I first ran this experiment for ten years, and found that FCO2 presents a process from negative to positive. FCO2 is the value CO2 flux to atmosphere (+ to atm), so I think it is a net CO2 flux.
While soil is generally regarded as a carbon sink, so this value should be negative.

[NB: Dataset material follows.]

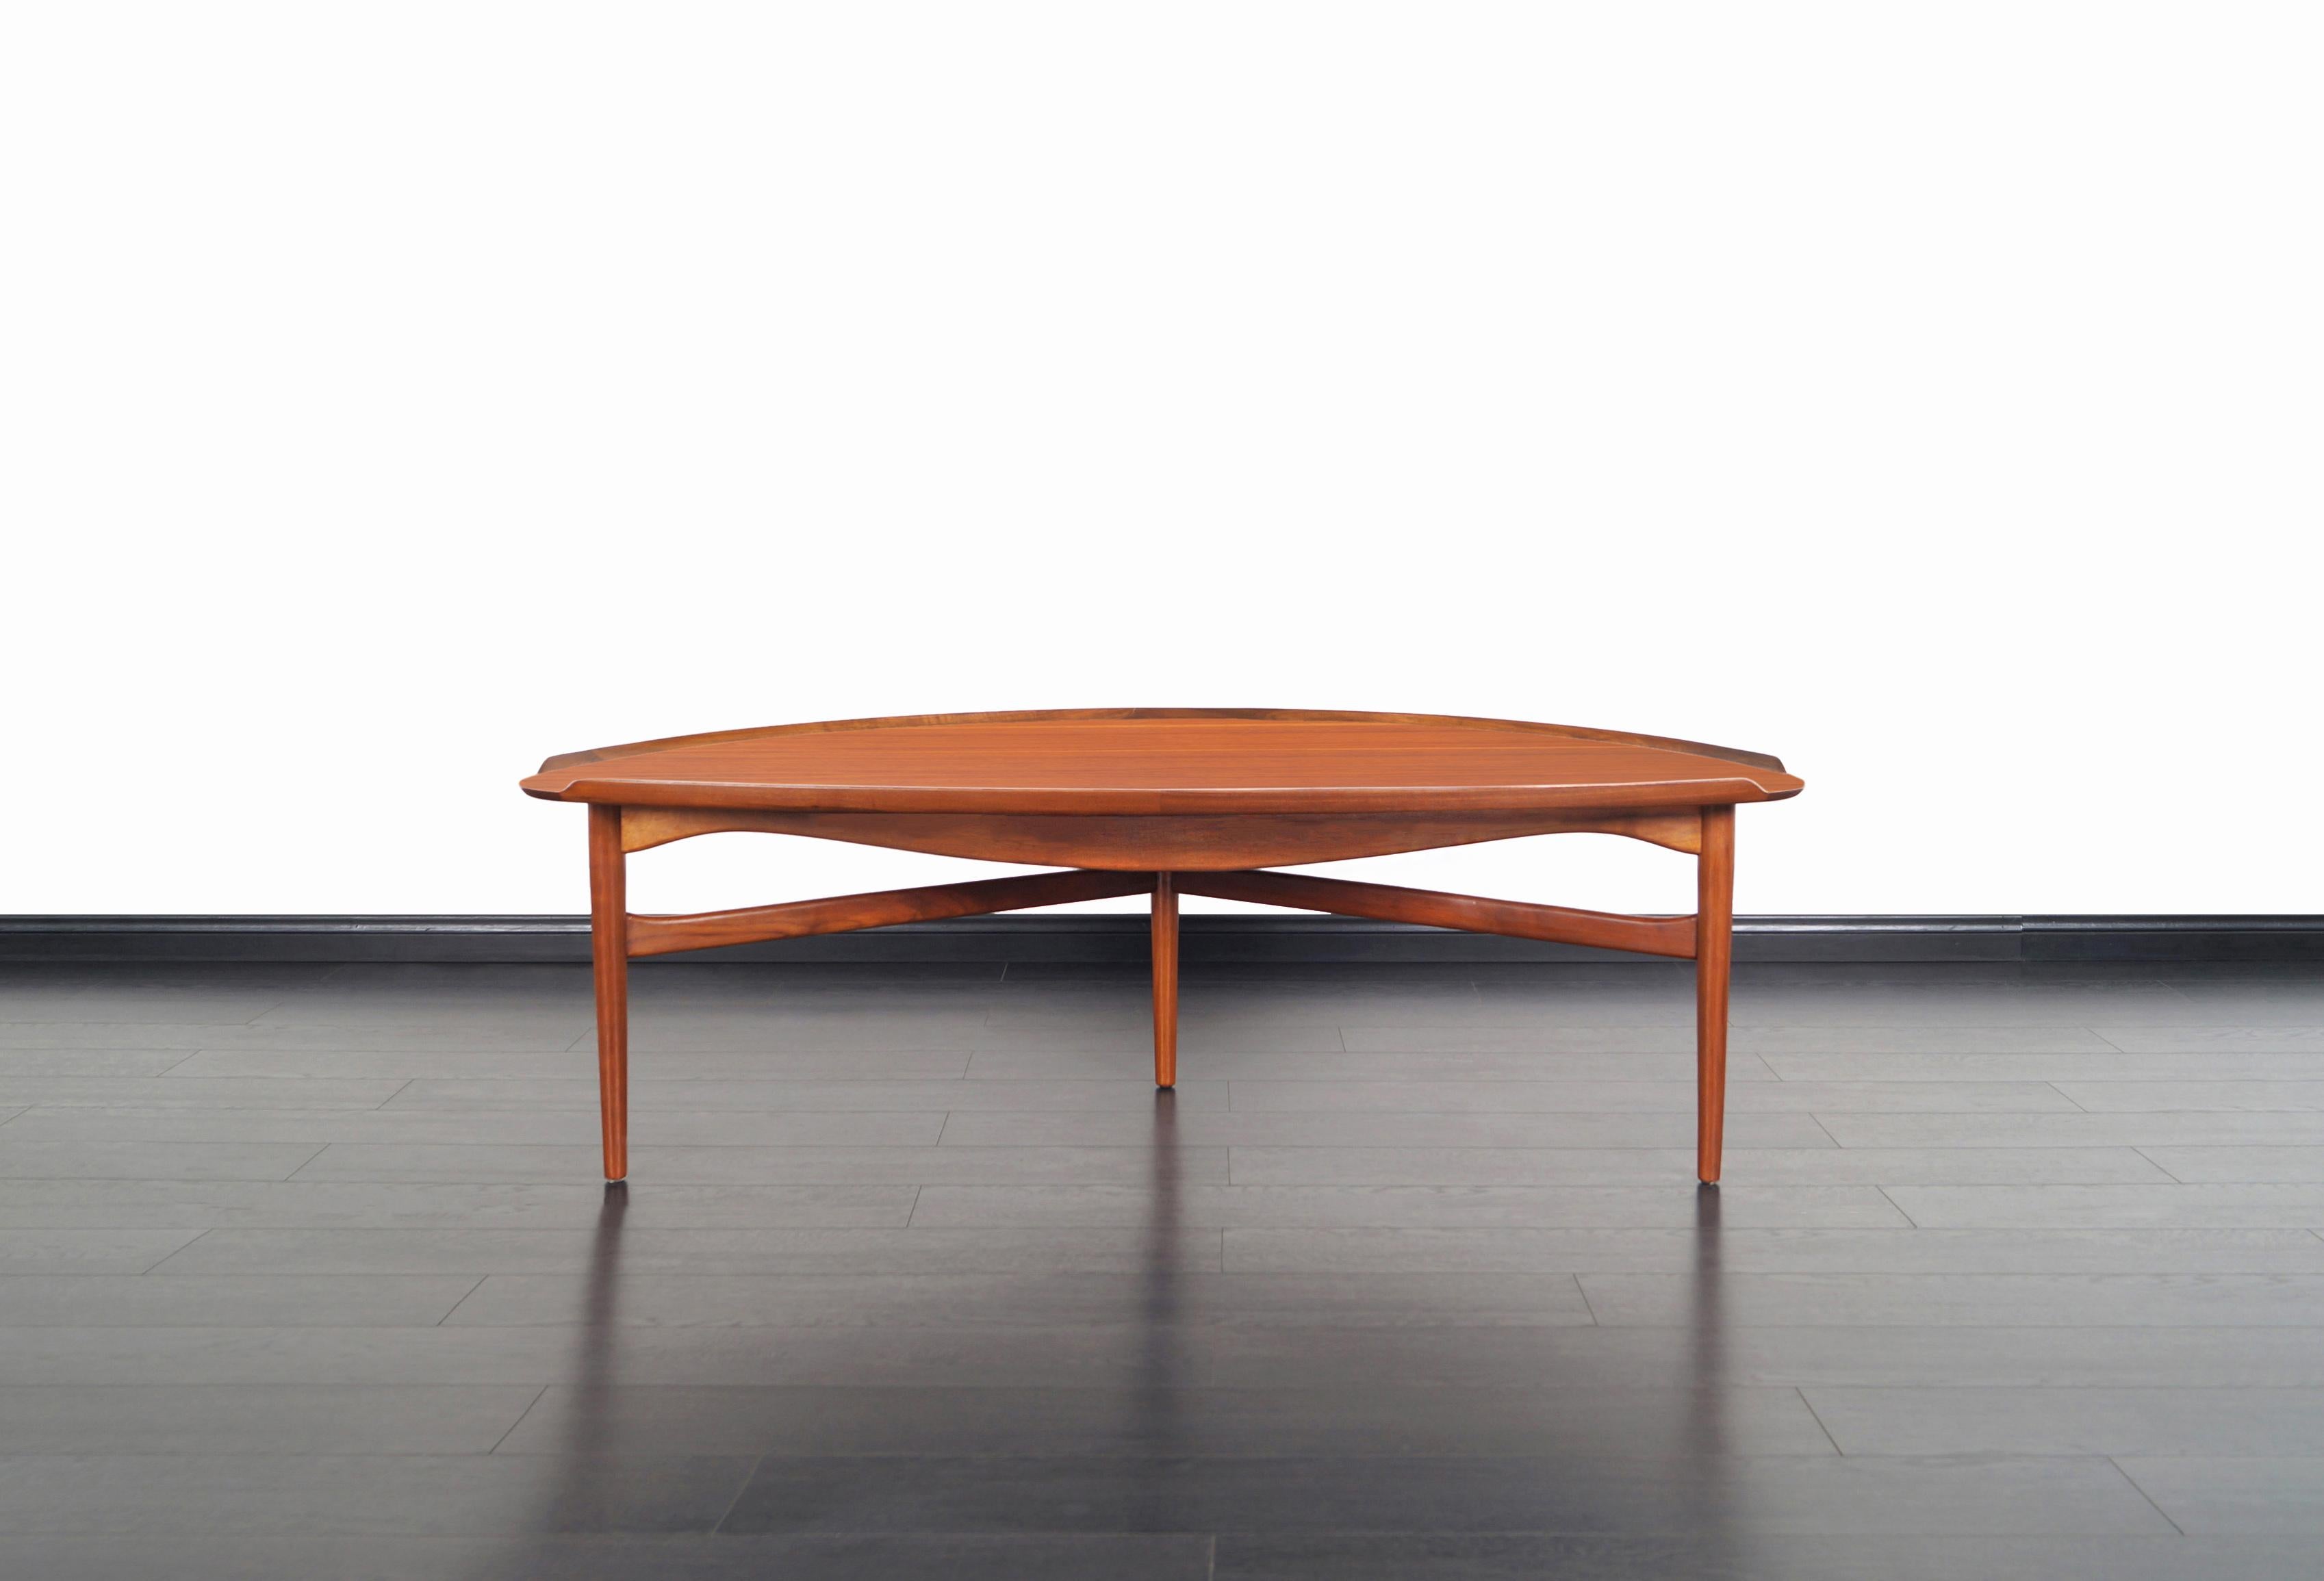 Beautiful Danish modern walnut cocktail table designed by iconic designer Finn Juhl for Baker Furniture in the United States, circa 1950s. This cocktail table has a sculptural design with no sharp corners that allow you to move freely around it. It

Although the model may not be fully spin up, the positive trend of this value is robust, so how to understand the phenomenon that FCO2 is positive?

download.png
 

oleson

Keith Oleson
CSEG and Liaisons
Staff member
You can investigate what may be contributing to that behavior by tracking down the variable in the code that corresponds to FCO2:

call hist_addfld1d(fname='FCO2', units='kgCO2/m2/s', &
avgflag='A', &
long_name='CO2 flux to atmosphere (+ to atm)', &
ptr_lnd=this%net_carbon_exchange_grc, &
default='inactive')

net_carbon_exchange is the negative of nbp_grc (net biome production). So then you can track down the components of npb_grc.
 

XinhaoSuo

Xinhao Suo
Member
Thanks for your reply. I think it may be caused by the lack of spin-up. I will try this case again.
You can investigate what may be contributing to that behavior by tracking down the variable in the code that corresponds to FCO2:

call hist_addfld1d(fname='FCO2', units='kgCO2/m2/s', &
avgflag='A', &
long_name='CO2 flux to atmosphere (+ to atm)', &
ptr_lnd=this%net_carbon_exchange_grc, &
default='inactive')

net_carbon_exchange is the negative of nbp_grc (net biome production). So then you can track down the components of npb_grc.